● **Exercise**: Search the listing below for the line with "Coils & Filaments", then write out that line and every one after it exactly, without the pictures.

● **Available data**:
[Start of Attachment]
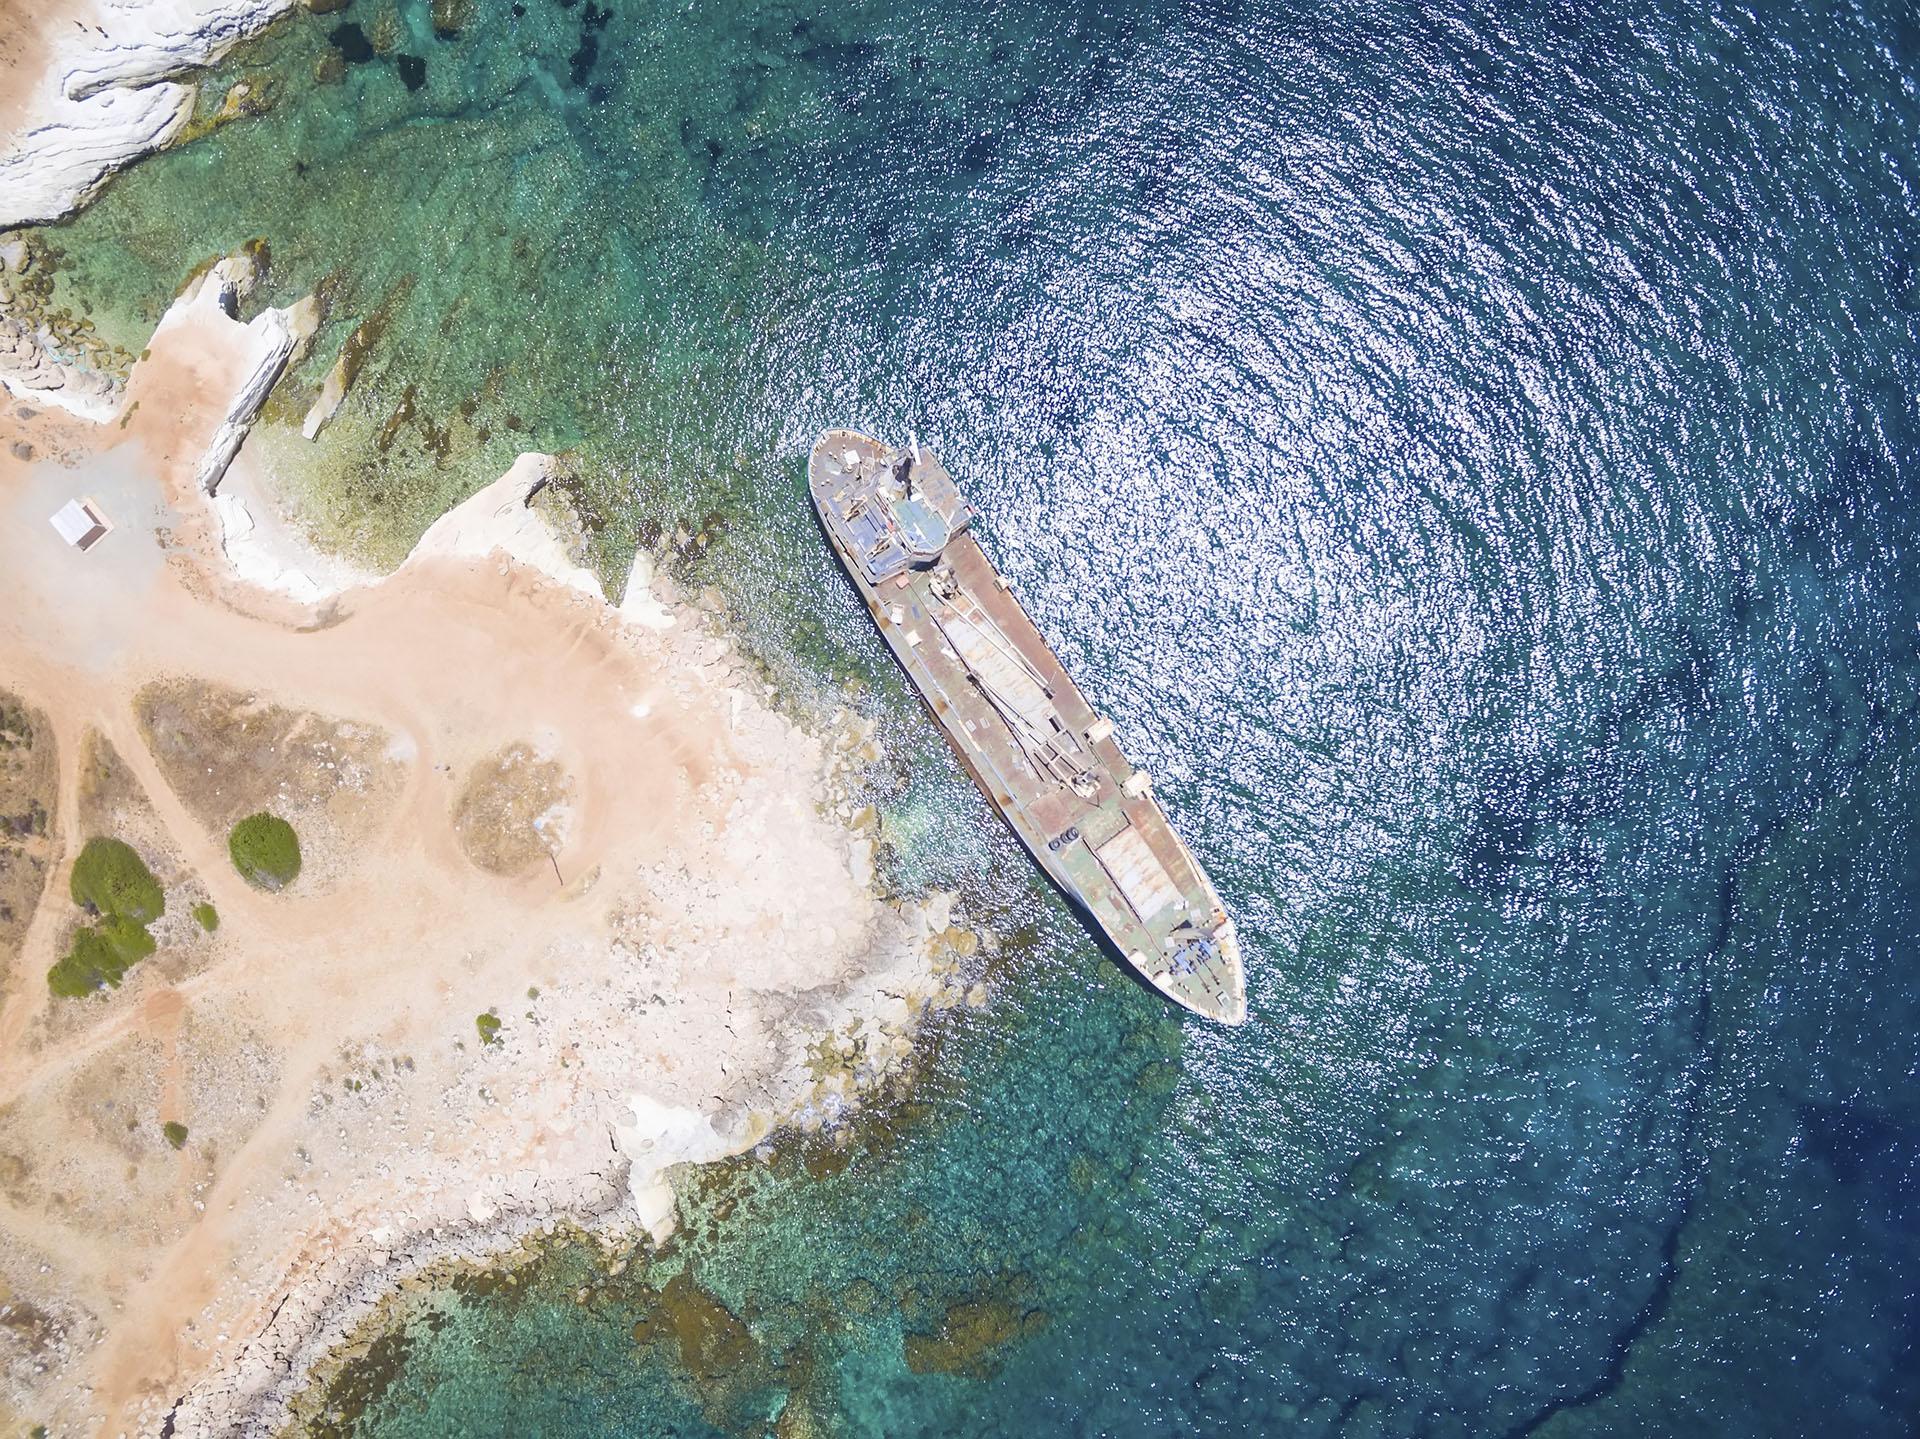 Кипр:  легендарный остров любви Кипр:  легендарный остров любви tild3031 6661 4335 b263 363466336466  shutterstock 6886979
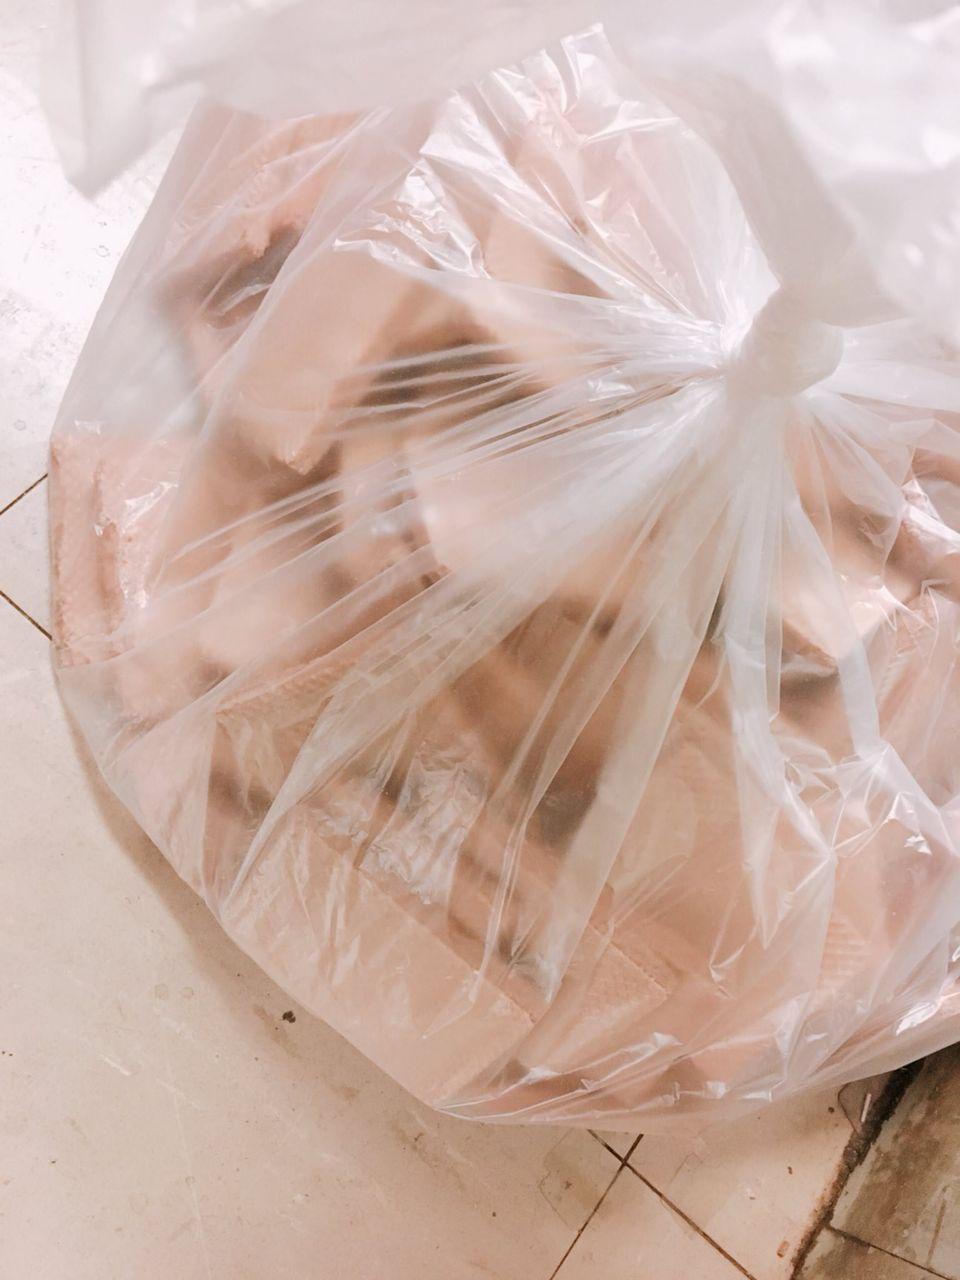 【悲報】キモオタさん、おまけの中身だけ抜いてウエハースを大量に捨ててしまう
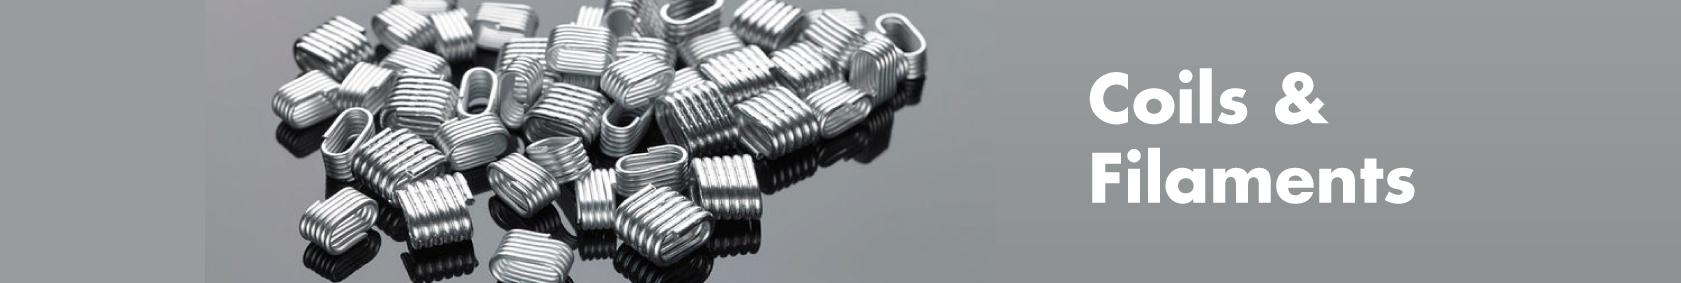 Coils & Filaments
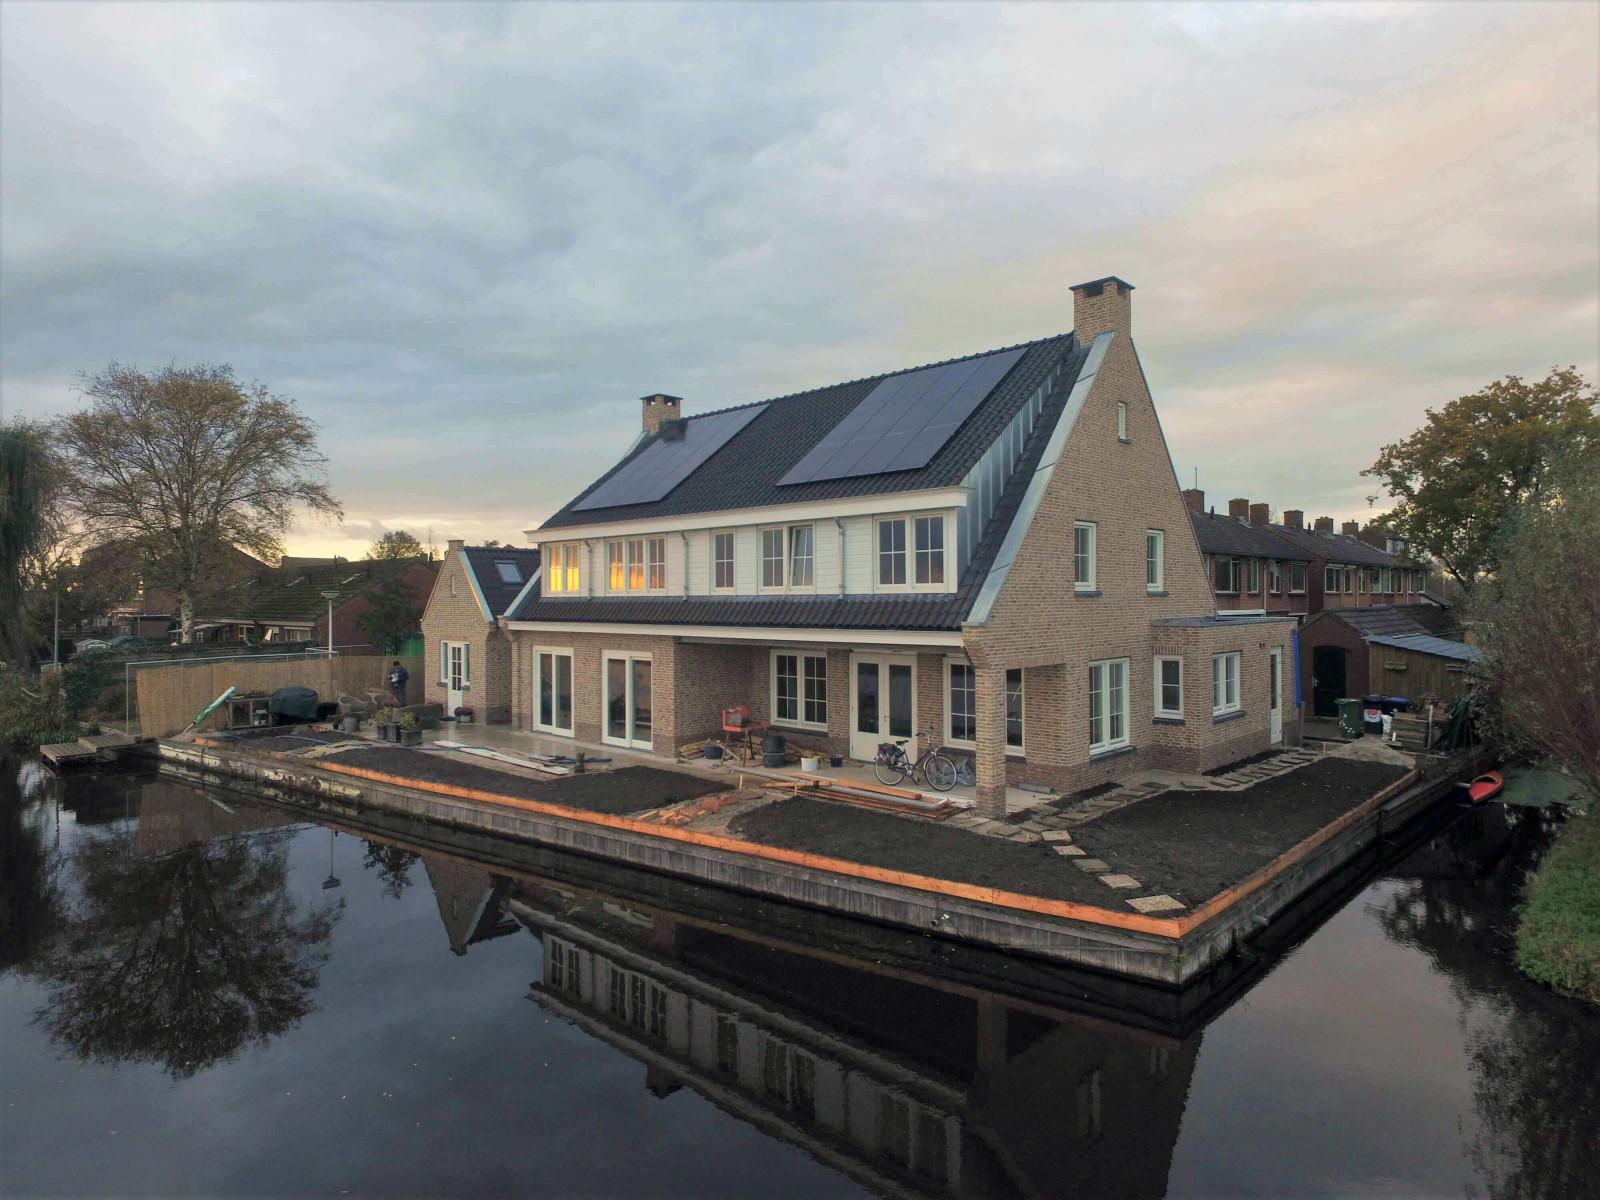 Nieuwbouw 2 onder 1 kap Wijngaarden Meerkerk Bouwprojecten 31
[End of Attachment]
● **Solution for this exercise**:
 Coils & Filaments
 Nieuwbouw 2 onder 1 kap Wijngaarden Meerkerk Bouwprojecten 31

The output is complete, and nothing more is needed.